Polícia, Adjetivo (Politist, Adjectiv),
de Corneliu Porumboiu (Romênia, 2009)
por Eduardo Valente

A correta distância, o exato tempo

O título do novo filme de Porumboiu (em português: Policial, Adjetivo), que ganhou a Camera D’Or de Cannes em 2006 com A Leste de Bucareste, é extremamente preciso na definição do que propõe o filme: ao acompanhar a história de Cristi, um policial jovem e recém-casado a quem é proposto uma missão banal (acompanhar um jovem que pode ou não ser um pequeno traficante de drogas leves), interessa muito pouco ao filme a idéia de policial como sujeito (ou seja, aquele que age), e sim como uma qualificação dada a alguém, que está acima dos seus próprios desejos ou meios de se diferenciar dela. Cristi é policial, portanto, e não um policial ou o policial: ele tenta fugir do que isso significa, mas se encontra mais e mais embrulhado num emaranhado de obrigações, expectativas, burocracias e, principalmente, leis e definições (e a maneira como o formato de escrita de dicionário do título será ainda mais justificado numa de suas seqüências finais é absolutamente brilhante, com o lento e gradual desarme das complexidades humanas pela semântica).
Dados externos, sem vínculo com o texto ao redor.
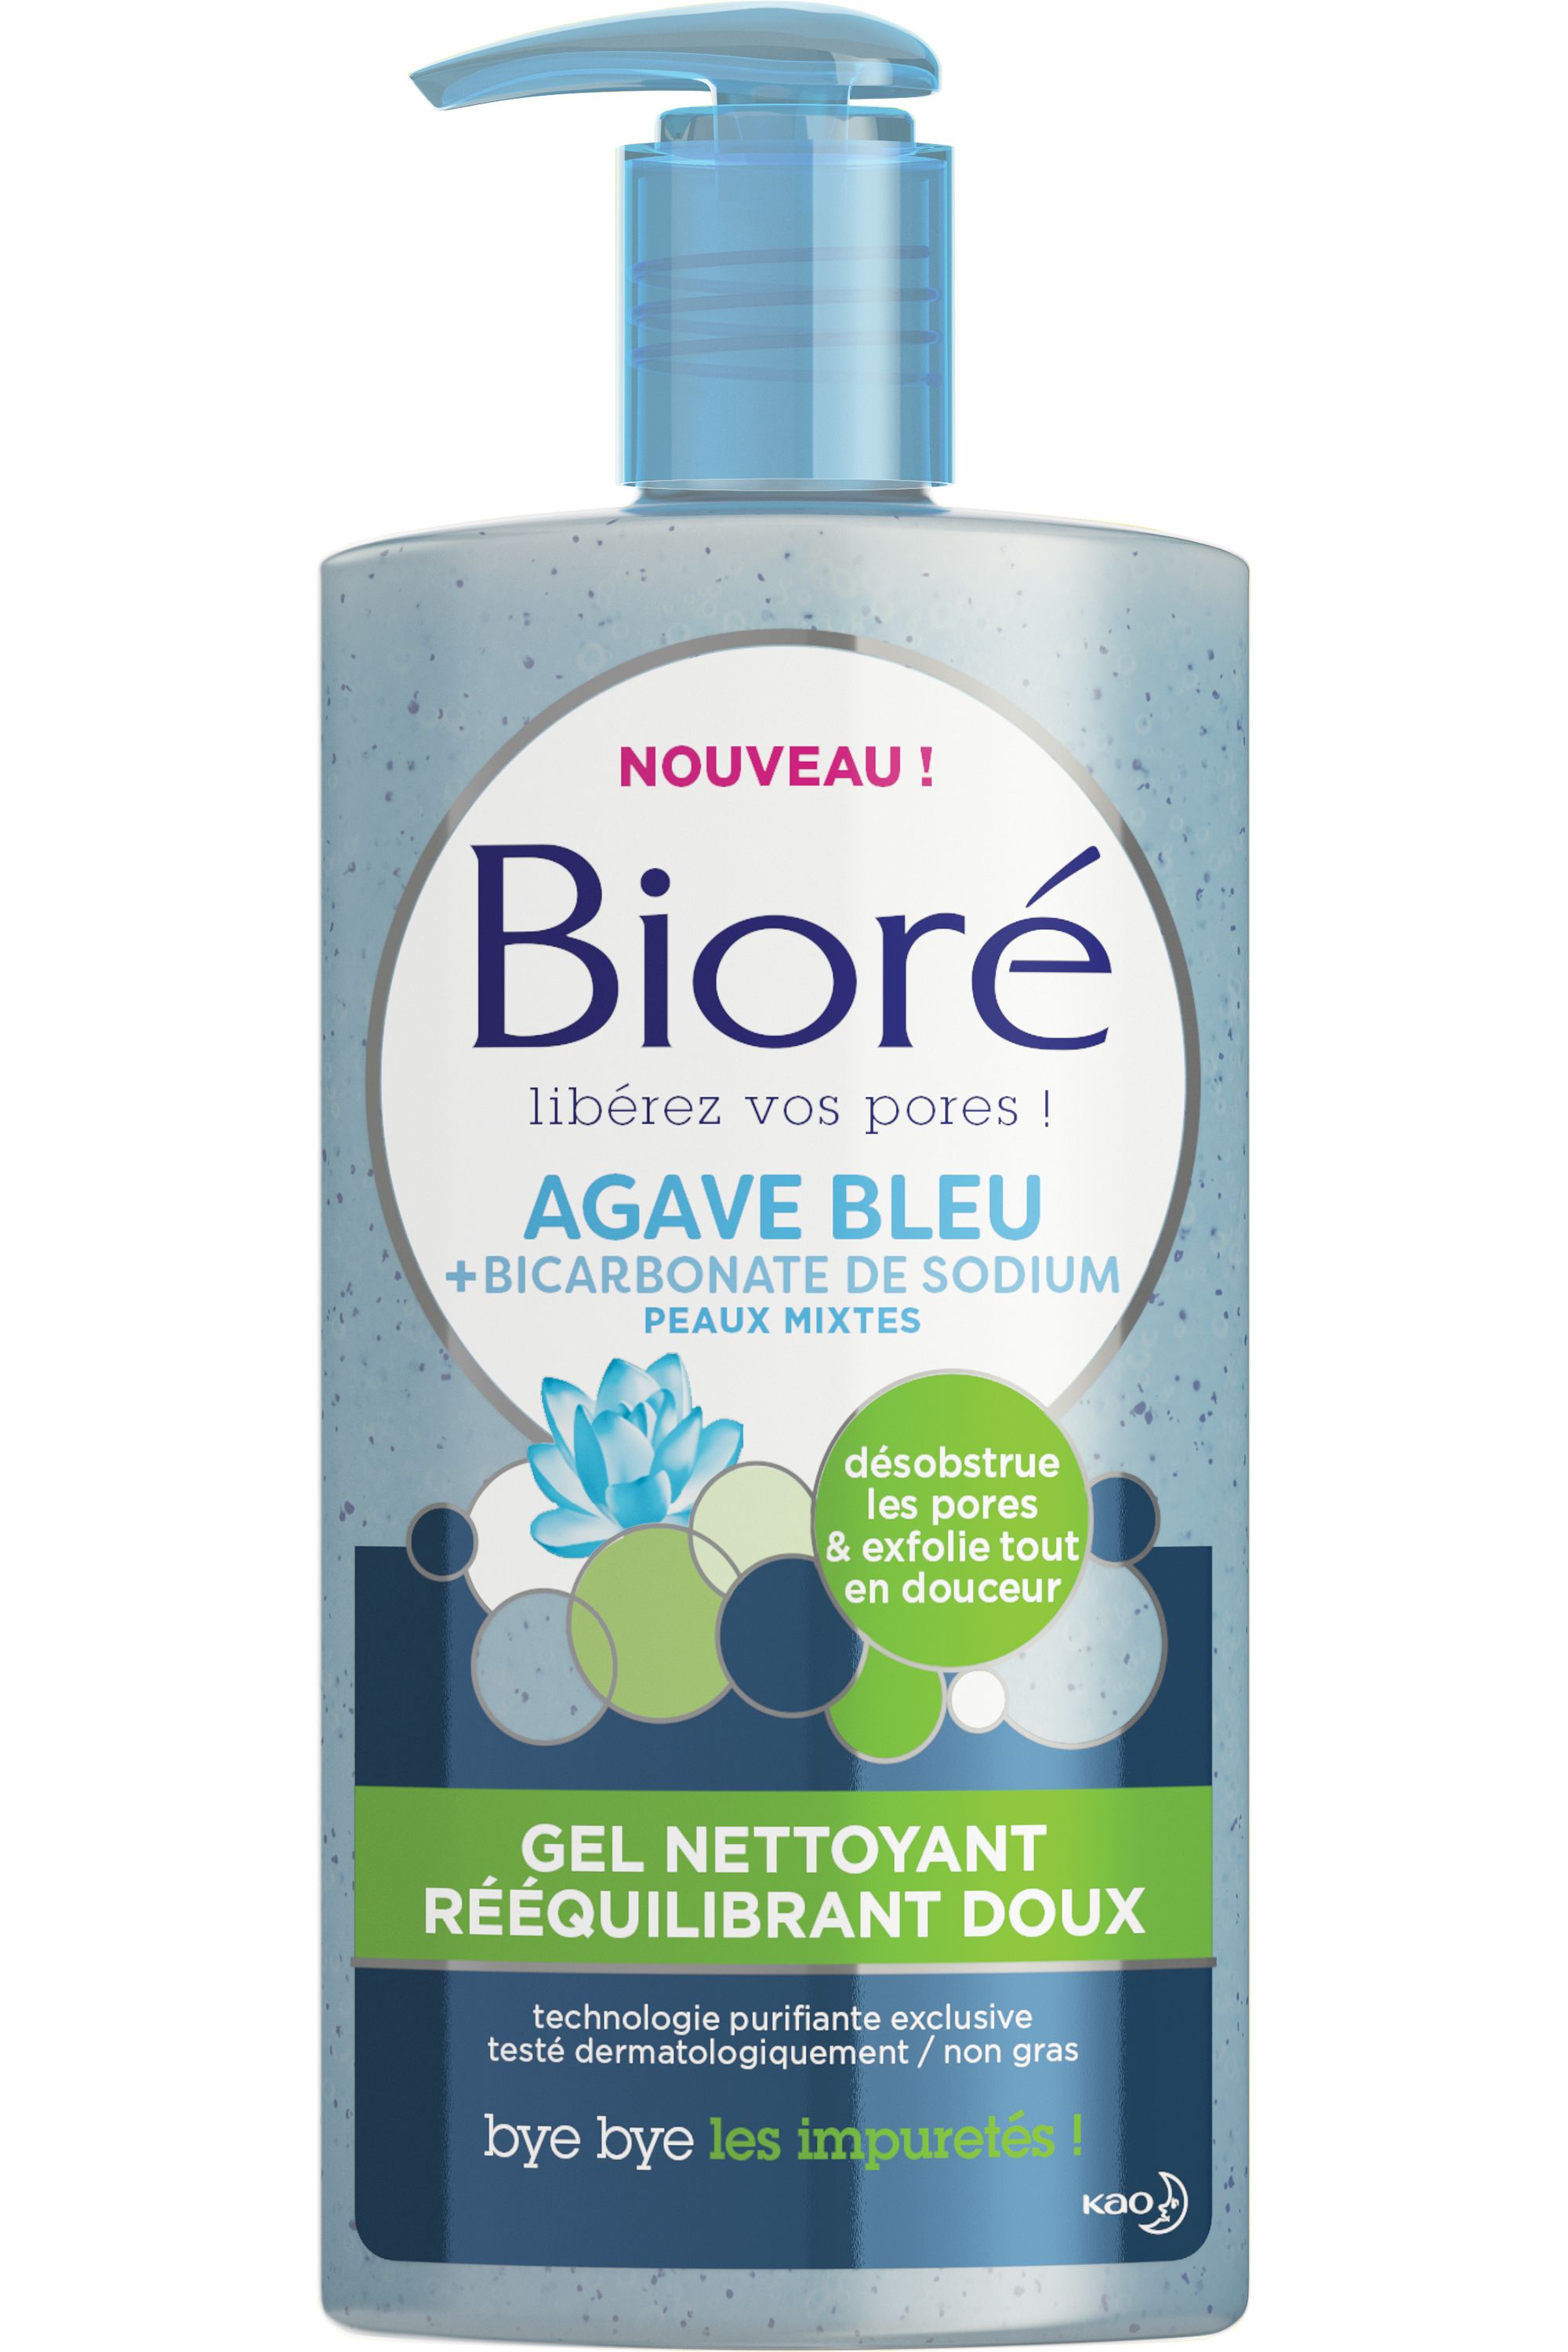 bior-gel-nettoyant-r-quilibrant-doux-l-agave-bleu-blissim-ex

O mais impressionante no filme é que isso tudo que eu descrevi acima, que poderia ser pouco mais do que uma série de conceitos bonitos numa página de papel mas ineficazes como cinema, está na tela com uma força, uma capacidade de ir direto aos pontos realmente firme. Porumboiu filma o seu protagonista com uma câmera que recusa o recurso fácil e contemporâneo da câmera na mão para imprimir “realismo”, apelando para uma série de planos abertos, marcadamente no tripé, que acompanham o personagem e esquadrinham um espaço em torno dele. Isso é especialmente importante porque ele está numa missão de “tocaia”, e aparecerá (e nos será apresentado mesmo) seguindo uma série de personagens ou esperando sua próxima ação. Por isso, a relação do filme entre fora e dentro do quadro e entre profundidade de espaços é extremamente essencial de estar bem resolvida – o que ele consegue aqui tanto com grande inteligência como aparente simplicidade.

Para além dos enquadramentos, Porumboiu usa a idéia do plano-sequência com enorme sabedoria: se esticar o tempo de uma ação é primordial para um personagem que está em espera, seria fácil cair na tentação do plano-sequência auto-afirmativo, como muleta de linguagem que poderia ir se esvaziando na medida em que fosse hiperusada. Não é o caso, pois o diretor escolhe com muita parcimônia as três ou quatro situações onde de fato o tempo extendido radicalmente faz-se mais potente, permitindo que o personagem e sua relação com o mundo à sua volta (tanto a mulher, em casa; como a vítima de sua tocaia; como o delegado-chefe na delegacia) se tornem o mais contundentes possível para seguir com este que é, no fundo, o retrato de uma desumanização pelo sistema (tema onipresente deste novo cinema romeno?). Por isso mesmo, o plano final de Politist, Adjectif é tão brilhante: por completar esse trajeto com total coerência e firmeza, ao transformar pessoas em marcas de giz num quadro negro. É não menos que isso que o aparato policial exige do indivíduo.